Une réforme essentielle du marché européen est nécessaire. La France a pensé qu'elle avait remporté une victoire lorsque, en juillet 2022, après de longues négociations, elle a réussi à faire intégrer l'énergie nucléaire dans la liste des énergies "vertes" pouvant bénéficier de financements de Bruxelles pour la transition énergétique. L'Allemagne s'y est opposée, mais a fait pression pour inclure le gaz, malgré le fait qu'il s'agisse d'une ressource fossile plus polluante en termes d'émissions de CO2. L'Europe a finalement trouvé un compromis.
Selon Pascal Canfin, président de la commission de l'Environnement au Parlement européen, les Allemands ont admis que l'énergie nucléaire, qui ne produit pas de carbone, est bénéfique pour la transition énergétique. De leur côté, les Français ont accepté d'intégrer le gaz lorsqu'il remplace les centrales à charbon. Cependant, cette situation n'était que la première étape. À chaque nouvelle législation, l'Allemagne a continué à s'opposer à l'énergie nucléaire. En juin dernier, la France a réussi à grand peine à faire reconnaître le rôle du nucléaire dans la directive européenne sur les énergies renouvelables.
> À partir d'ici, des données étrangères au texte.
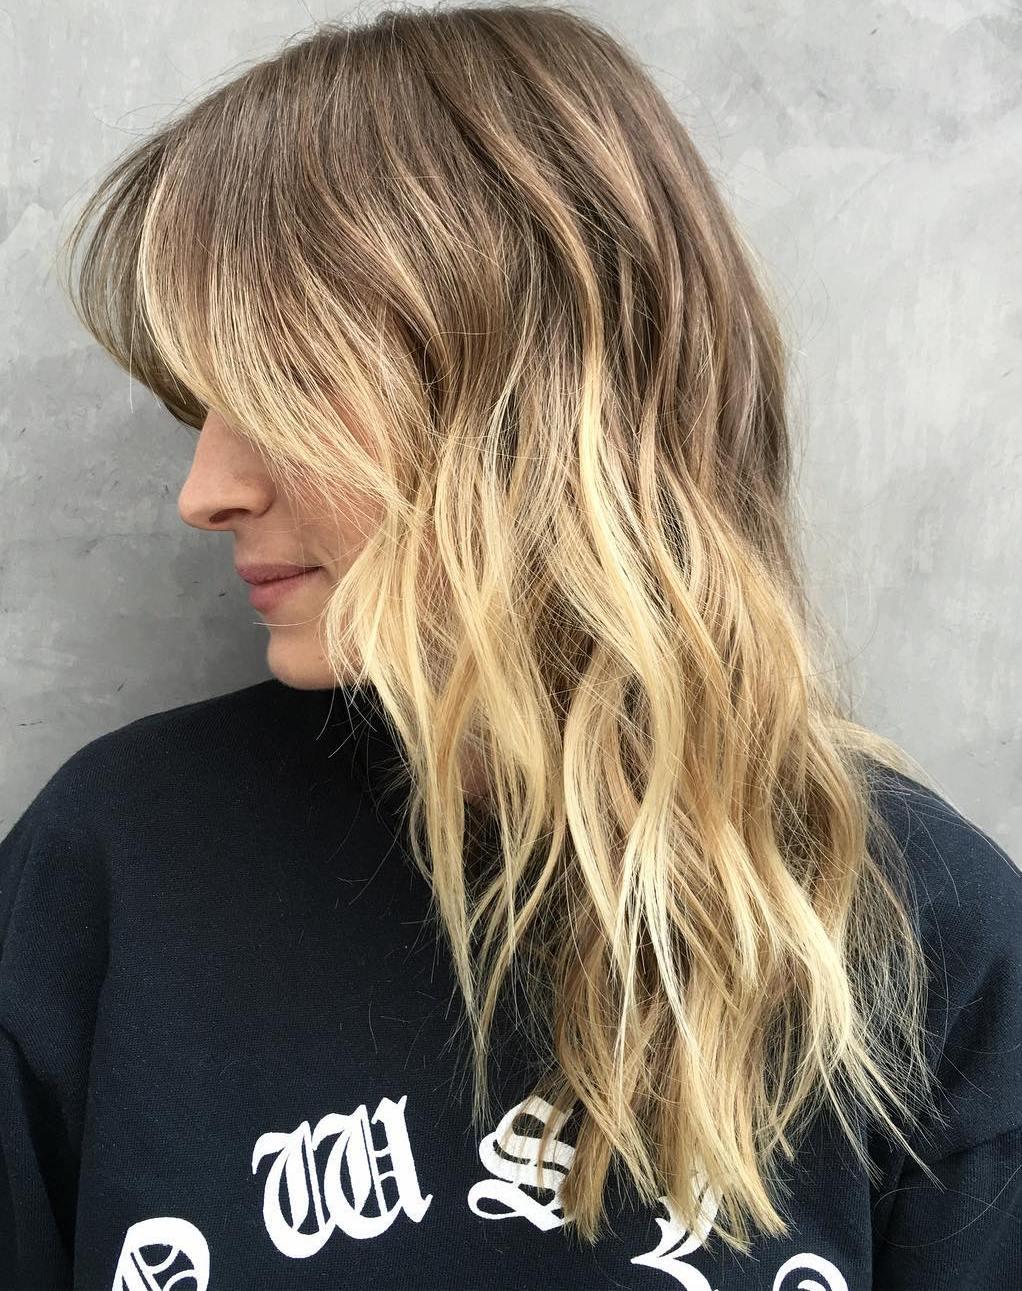 Beachy Bronde Layered Hair with Waves

Ensuite, la lutte s'est déplacée vers l'hydrogène vert, qui est un élément clé de la stratégie allemande de transition énergétique (Energiewende) pour remédier aux fluctuations des énergies renouvelables. La question est de savoir s'il faut uniquement prendre en compte les molécules d'hydrogène produites à partir d'énergies éoliennes ou solaires, comme le demande l'Allemagne, ou si l'on peut élargir le champ aux électrons provenant de l'énergie nucléaire, comme le souhaite la France. Il pourrait y avoir un compromis en vue.
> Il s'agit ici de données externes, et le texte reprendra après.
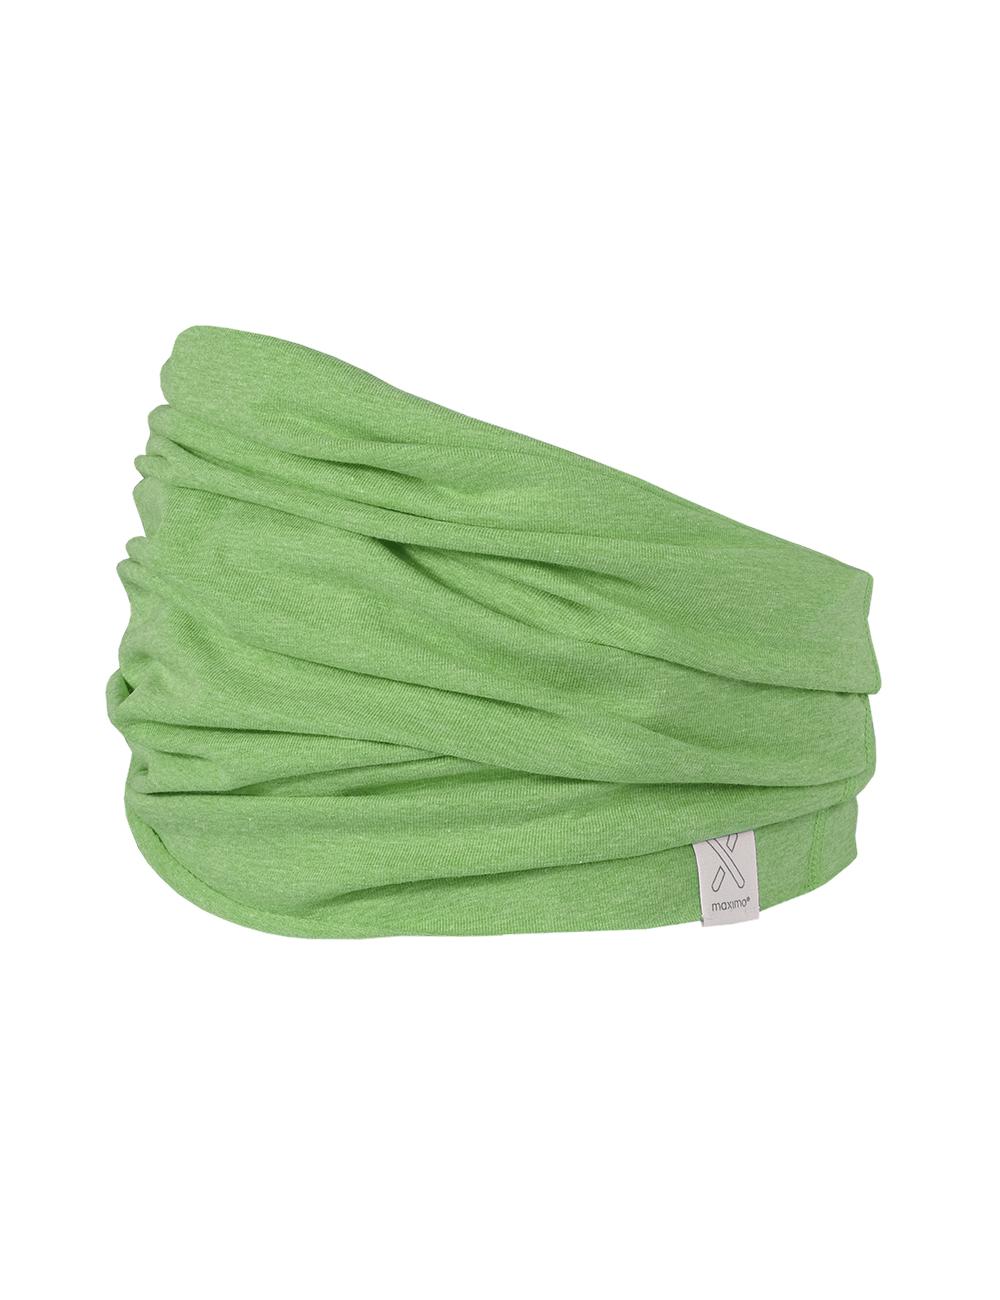 Hals-Nasen-Tuch, Uni 2 Maximo. Farbe: herbalmeliert, Größe: 2

Suite aux demandes des partis politiques écologistes, l'Allemagne a progressivement abandonné l'énergie nucléaire, qui représentait 22% de son approvisionnement électrique dans les années 2000. Contrairement à cela, la France, qui bénéficie d'une électricité nucléaire abondante et peu coûteuse, a adopté une stratégie opposée, ce qui renforce sa compétitivité face à l'économie allemande.
Selon Till Mansmann, responsable de la stratégie de l'Allemagne en matière d'hydrogène, il est important de comprendre que l'hydrogène produit à partir de sources nucléaires ne peut pas être considéré comme une source d'énergie verte. Cependant, il reconnaît également que pour mener à bien notre transition énergétique, il est nécessaire d'explorer davantage les différentes possibilités d'hydrogène.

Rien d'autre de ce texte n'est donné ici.